Приписывать государству власть над художественным творчеством — пагубный предрассудок варваров. Политическое господство стерильно, ведь его суть, какой бы идеологией она ни прикрывалась, — подчинение других. Конечно, свобода самовыражения всегда относительна, она подразумевает препоны и границы, мы свободны лишь в той или иной мере, и все-таки легко заметить: всюду, где власть может вторгнуться в занятия человека, искусство либо хиреет, либо становится ручным и чисто механическим. Стиль — явление живое, это беспрерывный рост на избранном пути. Огражденный от внешних воздействий, связанный с подспудными процессами в обществе, путь этот до известной точки непредсказуем, как древесная паветвь. Напротив, заказной стиль убивает творческую непосредственность; все великие империи рано или поздно усредняют изменчивый образ человека, превращая его в бесконечно повторяющуюся маску. Власть замораживает, цепенит многообразие жизни в единственном жесте — величественном, ужасающем или театральном, но в конечном счете всегда одном и том же. Формула «государство — это я»{54} отнимает у человека лицо, подменяя его каменными чертами абстрактной личности, предназначенной до скончания веков служить образцом всему обществу. Стиль, этот мотив, бесконечно сплетающий прежние элементы в новых сочетаниях, вырождается в убогий перепев.
Пора наконец перестать смешивать «артельное», «общинное» творчество с официальным искусством. Первое живет верованиями и идеалами общества, второе — подчиняется приказам деспотической власти. Могущественные государства и империи давали приют разным идеям и устремлениям — культу полиса, христианству, буддизму, исламу. Но нелепо видеть в готическом или романском искусстве плод папской власти, а в скульптурах Матры{55} — отражение империи, основанной Канишкой{56}. Политическая власть может дать художественному течению выход, применение, в каких-то случаях — толчок. Чего она не в силах, так это дать ему жизнь. Больше того, рано или поздно она стерилизует художника. Искусство всегда уходит корнями в язык того или иного общества, а он есть прежде всего и по преимуществу определенный образ мира. Государство — как и искусство — само вскормлено этим языком и живет этим образом мира. Не папская власть породила христианство — совсем напротив; либеральное государство создано буржуазией, а не наоборот.

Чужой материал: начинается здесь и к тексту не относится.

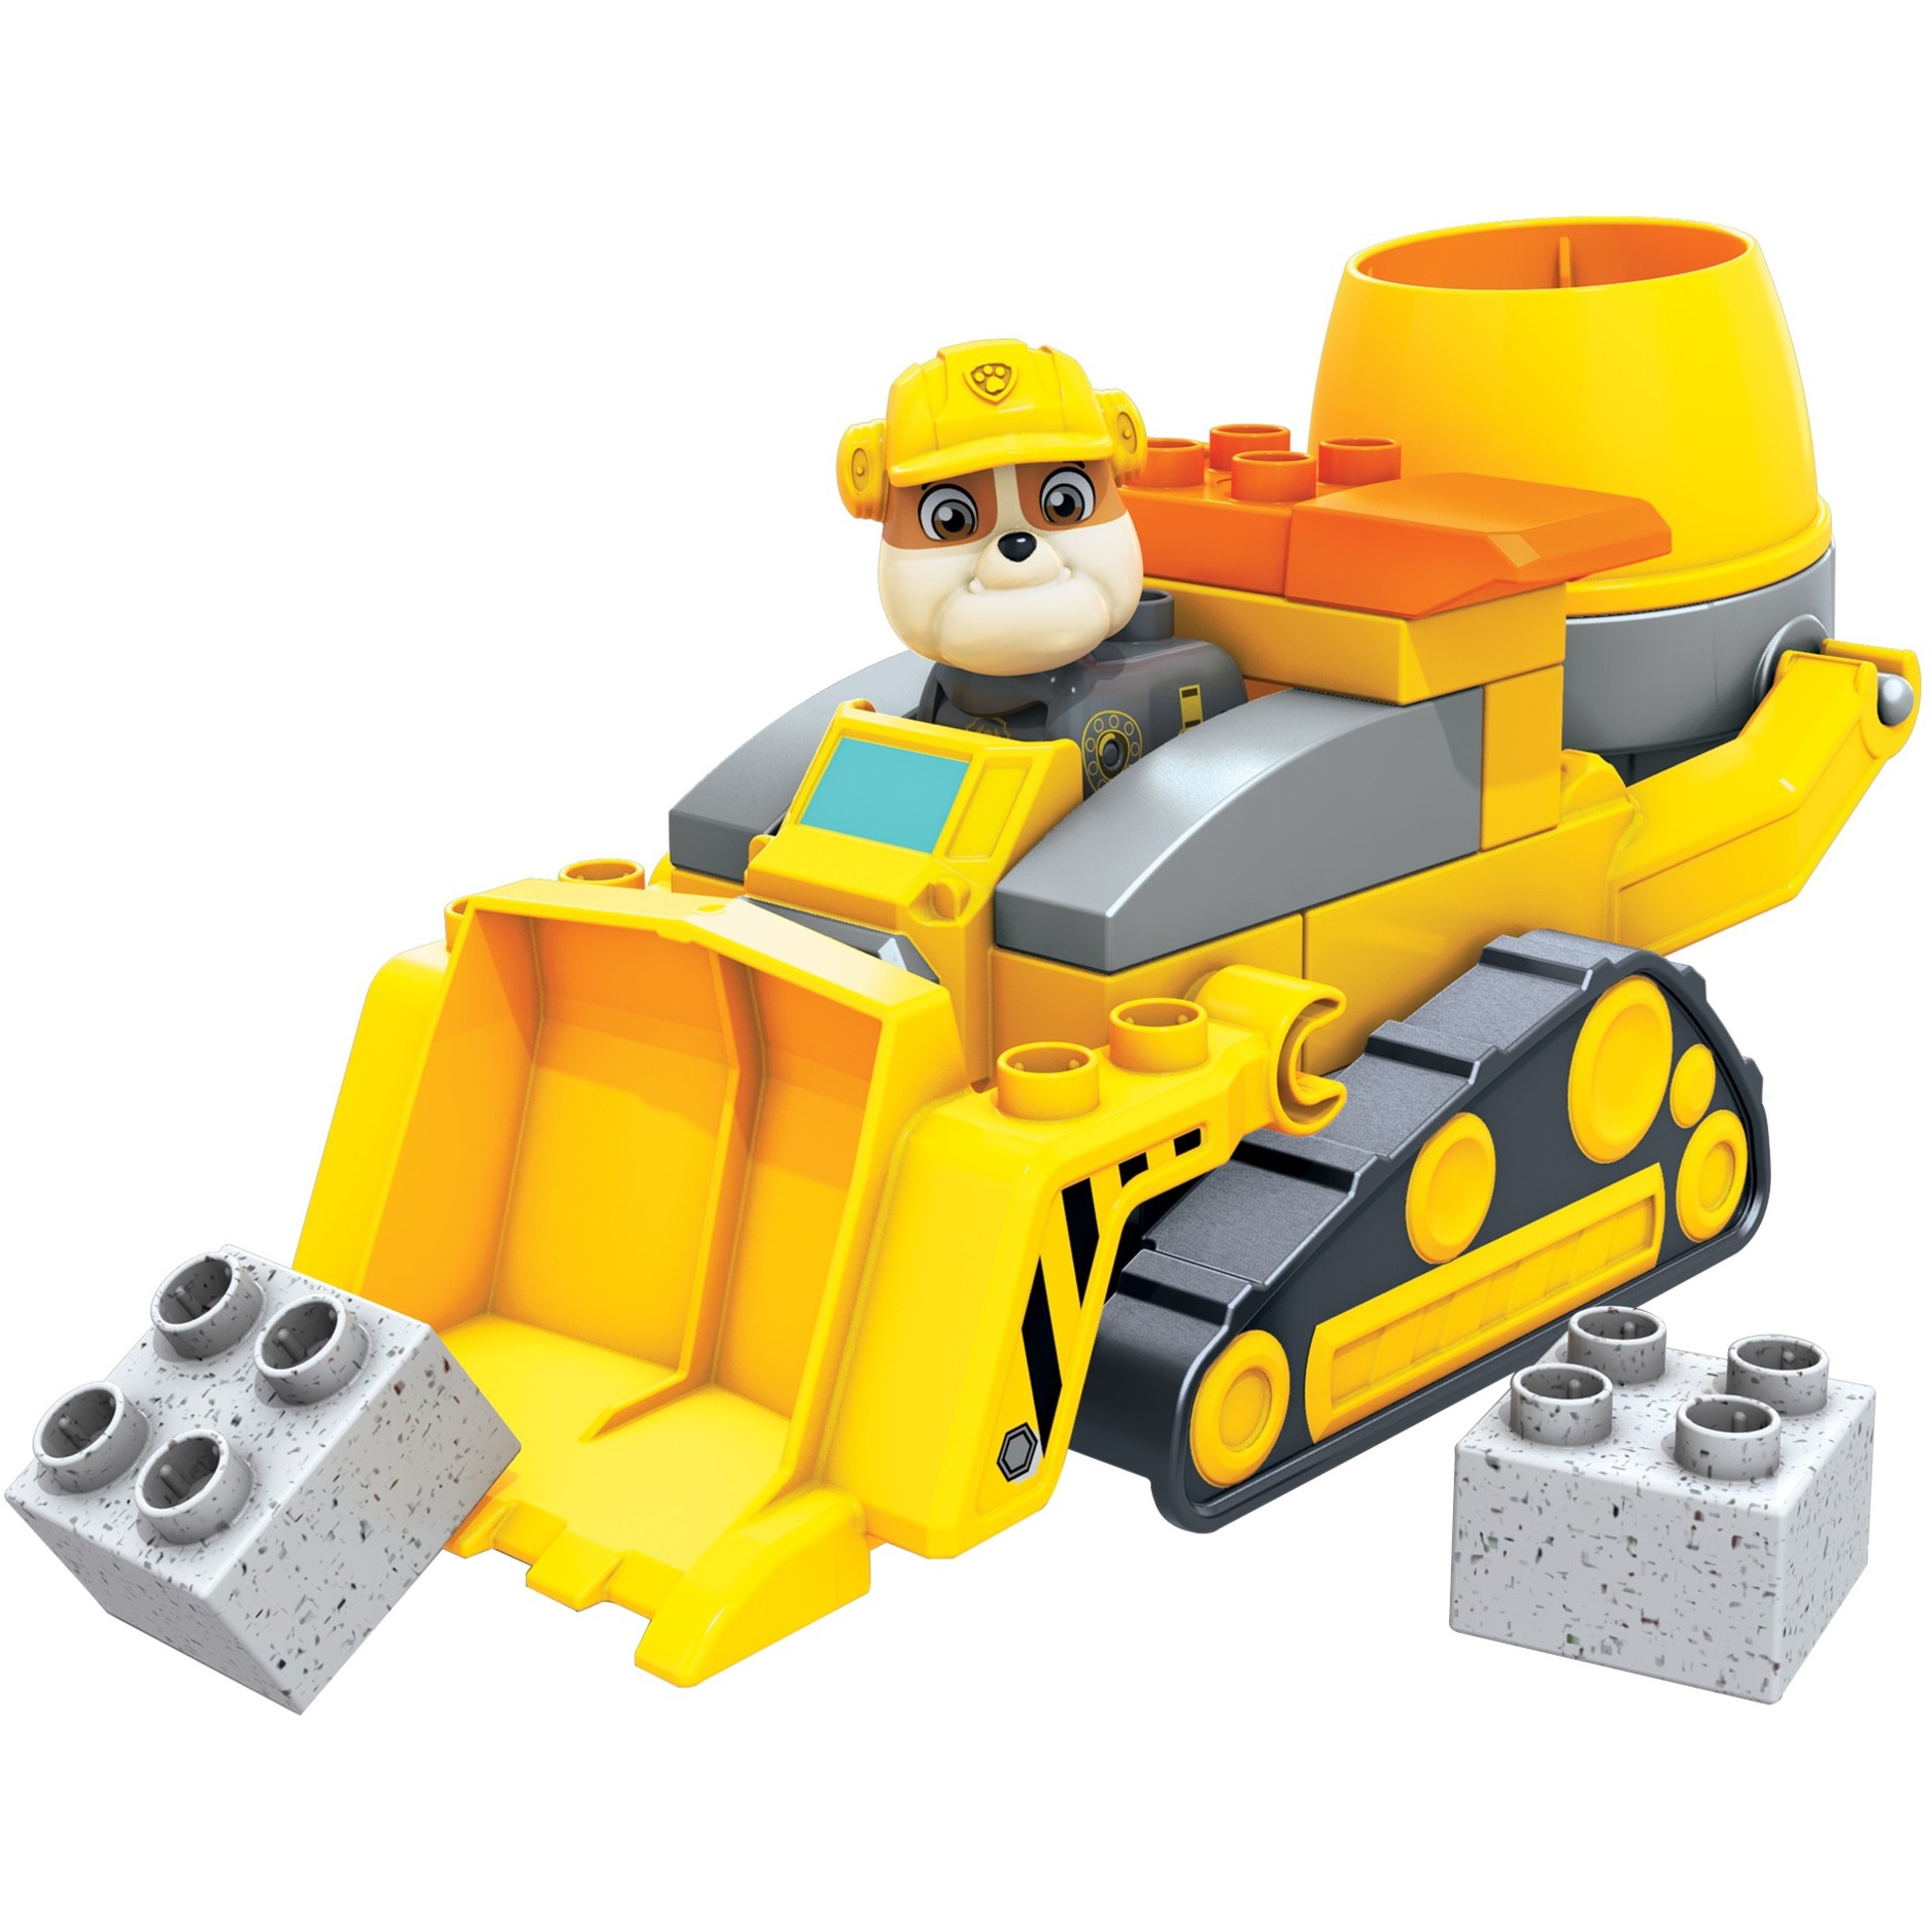 Image of Alternate - Mega Bloks Paw Patrol Rubbles Baustellenlaster, Konstruktionsspielzeug online einkaufen bei Alternate

Примеры можно умножить. И если захватчики — скажем, мусульмане в Испании — навязывают народу свою картину мира, то чужое государство и его культура так и остаются чужеродным налетом, пока народ по-настоящему не усвоит эту религиозную или политическую идею. Новые представления о мире должны врасти в почву выношенных верований и природного языка — только тогда появятся искусство и литература, в которых общество узнает себя. Стало быть, государство может насаждать ту или иную картину мира, затаптывать другие и выкорчевывать ростки третьих, но не в силах дать плода — породить свой собственный образ. То же самое с искусством: государство его не создает, а, пытаясь вызвать, вытаптывает, но чаще всего, думая использовать, уродует, душит или превращает в маску.
А как же искусство Египта, ацтеков, испанское барокко, «великий век»{57} Франции (ограничимся лишь этими общеизвестными примерами) — разве они не опровергают сказанного? Подъем их приходится как раз на расцвет абсолютной власти. Не случайно в их блеске видят отраженное великолепие государства. Однако достаточно даже беглого взгляда — и заблуждения рассеиваются.
Как в любой обрядоверческой цивилизации, искусство ацтеков — культовое. Ацтекское общество существовало в сумрачной и вместе с тем ослепительной атмосфере священного. Любое действие имело религиозный смысл. Само государство было воплощением религии. Моктесума не просто вождь, он верховный жрец. Война — один из обрядов: разыгрывание солярного мифа, в котором вооруженный шиукотлем Уицилопочтли, непобедимое солнце, обезглавливал Койольшауки и ее четыреста звезд — сенсонуицнауа. Равно так же любая другая человеческая деятельность. Политика и искусство, торговля и ремесло, внешние сношения и внутрисемейные связи — все они уходили корнями в почву священного. Общественная и частная жизнь здесь — два берега одного жизненного потока, а не особые миры. Смерть и рождение, поход на войну или на праздник — события религиозные. Как же можно называть искусство ацтеков огосударствленным или политизированным? Ни государство, ни политика не стали еще независимой силой, власть не оторвалась от религии и магии. И уж если быть точным, искусство ацтеков выражало устремления не государственные, а религиозные. Кто-то сочтет это простой игрой слов, ведь религиозная основа не ограничивала государства, а, напротив, укрепляла его мощь. Не совсем так: одно дело — религия, воплощенная в государстве, как у ацтеков, и совсем другое — религия, используемая государством, как в Риме. Разница кардинальная, без нее не понять отношение ацтеков к Кортесу. Больше того, само искусство ацтеков было, строго говоря, религией. Изваяния, стихи или стенопись не относились к «произведениям искусства» и ничего не «выражали», это были воплощения, живые лики священного. Иными словами, абсолютный, всеобщий и единовластный характер мексиканского государства определялся не политикой, а религией. Государство было культовым: вождь, воин или простолюдин оставались понятиями религиозными. Формы, которые принимало и ацтекское «искусство», и «политическая жизнь», входили в священный язык, понятный всем.[16]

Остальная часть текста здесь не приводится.